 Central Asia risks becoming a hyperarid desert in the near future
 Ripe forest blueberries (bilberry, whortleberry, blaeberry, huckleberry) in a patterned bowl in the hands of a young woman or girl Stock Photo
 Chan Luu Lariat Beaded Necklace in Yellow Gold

----

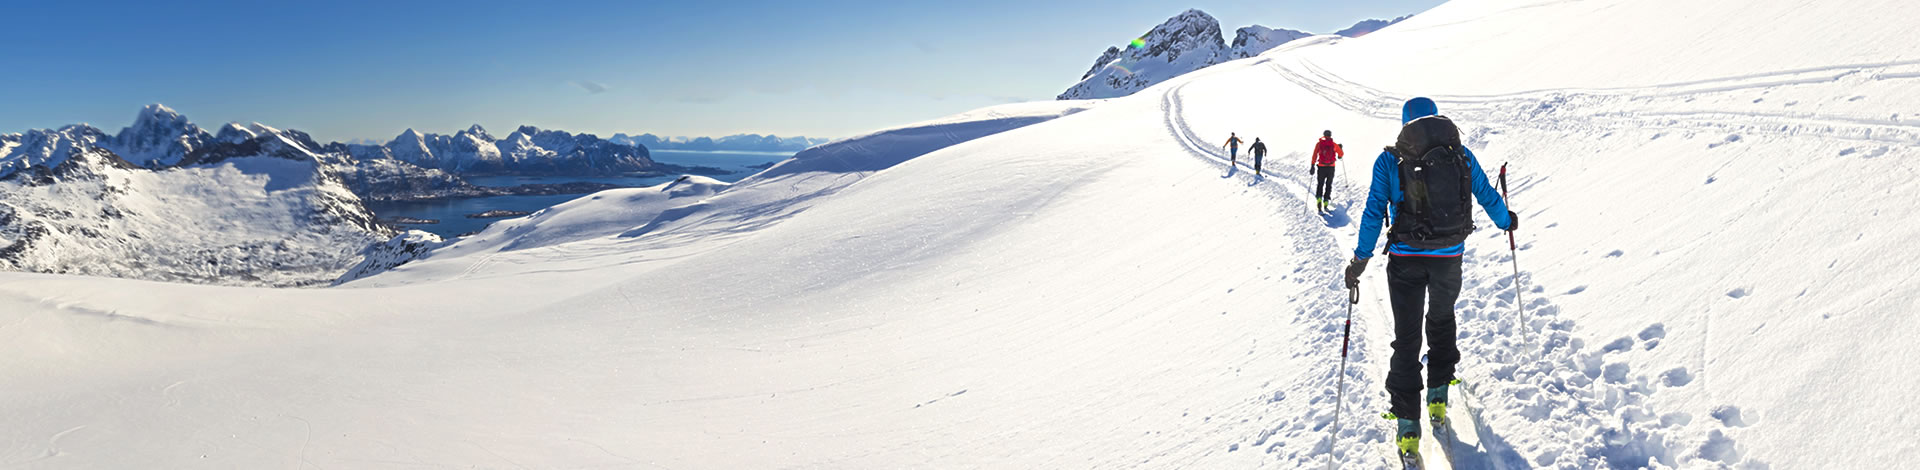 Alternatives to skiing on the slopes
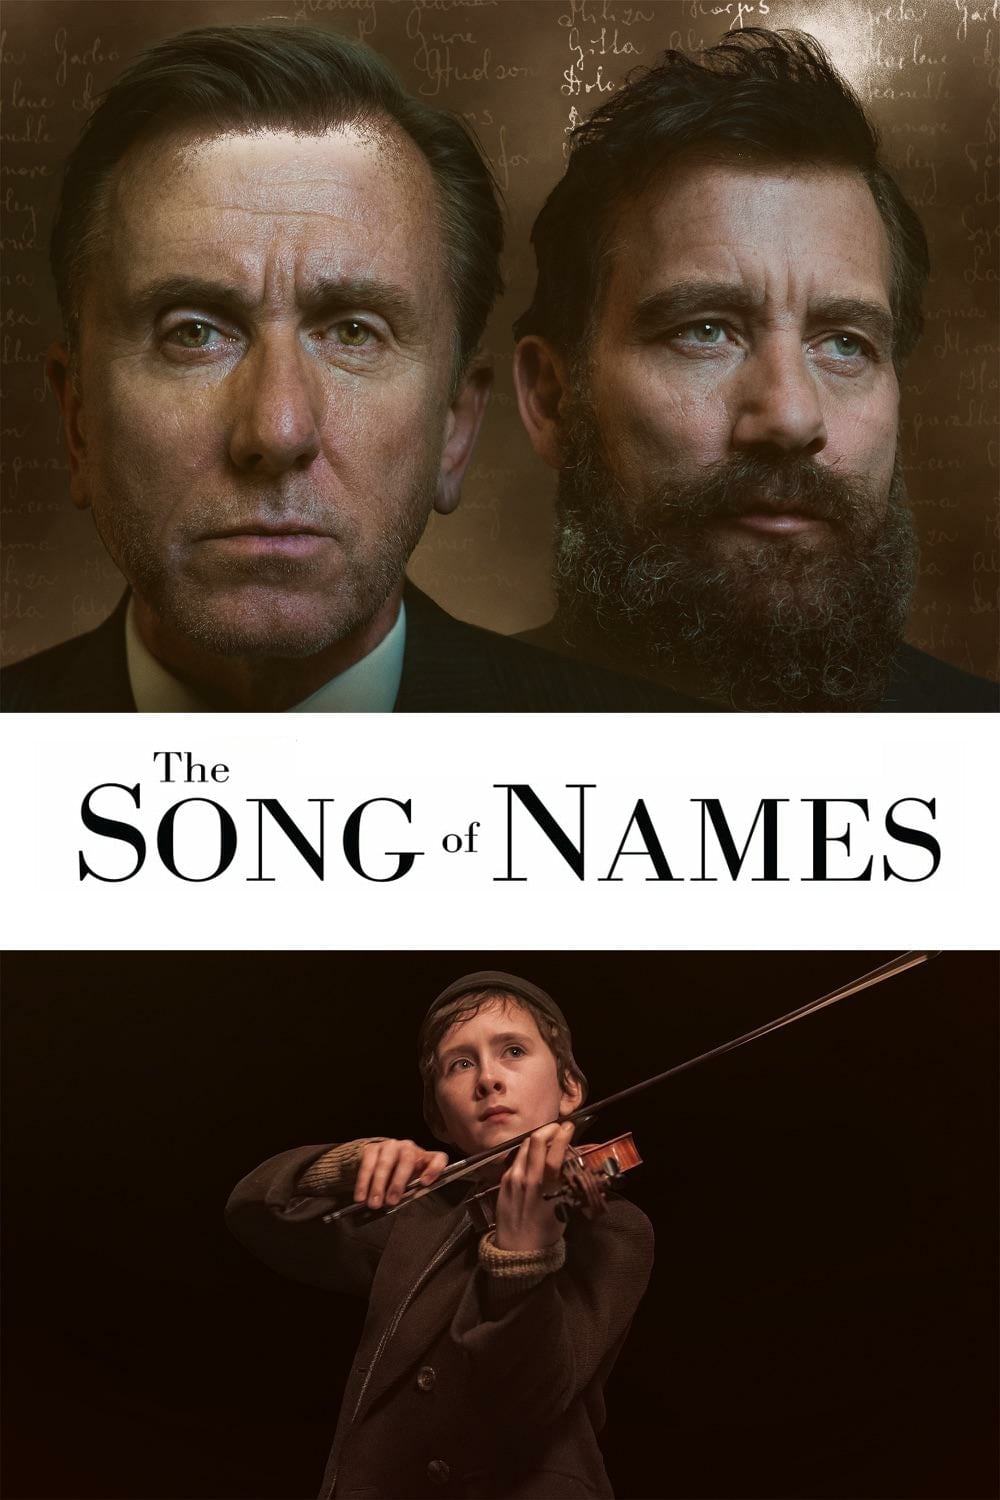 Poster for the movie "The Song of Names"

----

Exercise goal
Where the listing above reaches the line that contains "Ripe forest blueberries", start retyping, and finish with the line that contains "Chan Luu Lariat"; reproduce those lines exactly and no others.

Answer section
 Ripe forest blueberries (bilberry, whortleberry, blaeberry, huckleberry) in a patterned bowl in the hands of a young woman or girl Stock Photo
 Chan Luu Lariat Beaded Necklace in Yellow Gold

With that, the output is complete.